1 Comments – Post Your Own

#1) On February 12, 2008 at 11:02 AM, Imperial1964 (97.92) wrote:

I'm no options trader, but I've read opinions that sound kind-of like that.

I think what you're talking about is options sellers trying to keep the options from coming in the money.  If stock prices don't move, the option buyers don't make money.  But the sellers do because they sold options that expire worthless.  With the leverage options offer--that is, you can control a large number of shares with just a few dollars--it is conceiveable that a big option writer might find it worthwhile to buy or sell a large number of shares right at options expiration in order to move the stock price back to where the option will expire worthless.

I've heard people spout such theories, but I don't think it would be practical.  Buying or selling enough shares to move the share price would require huge transactions and it's not guaranteed to work.

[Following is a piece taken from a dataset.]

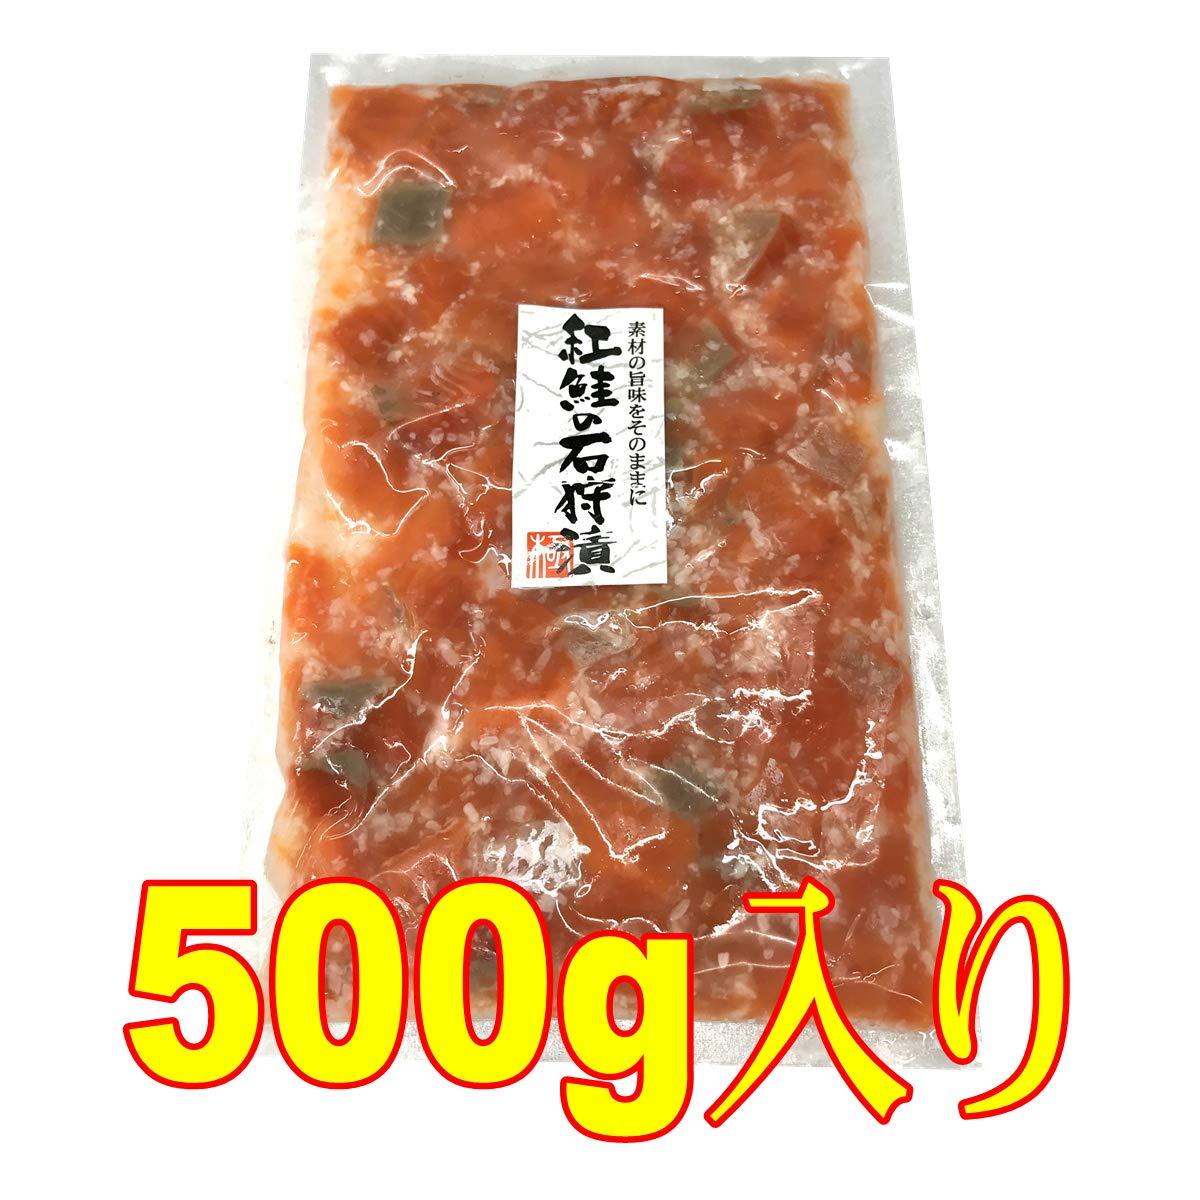 紅鮭 石狩 漬け 1kg(500g×2)【北海道加工・天然紅鮭使用】  天然の紅鮭の皮や骨を丁寧に取り除き、お刺身でも食べられるほど鮮度の良い紅鮭を糀に漬け込みました【冷凍便】

But what (unscrupulous) options sellers sometimes do is start a rumor to sway the markets before options expiration.  If the market has dropped too far, you might hear rumors about Warren Buffet buying out a bond insurer or making a huge investment in a bank.  Such rumors have caused market rallies and saved option writers money at the expense of options buyers.

Don't worry about options trading at this point.  70% of options expire worthless.  That means a 100% loss for the buyers 70% of the time.   And for the options writers, the 30% of the time they lose money, perhaps 10% of the time they lose BIG.  Options are far too volatile for me.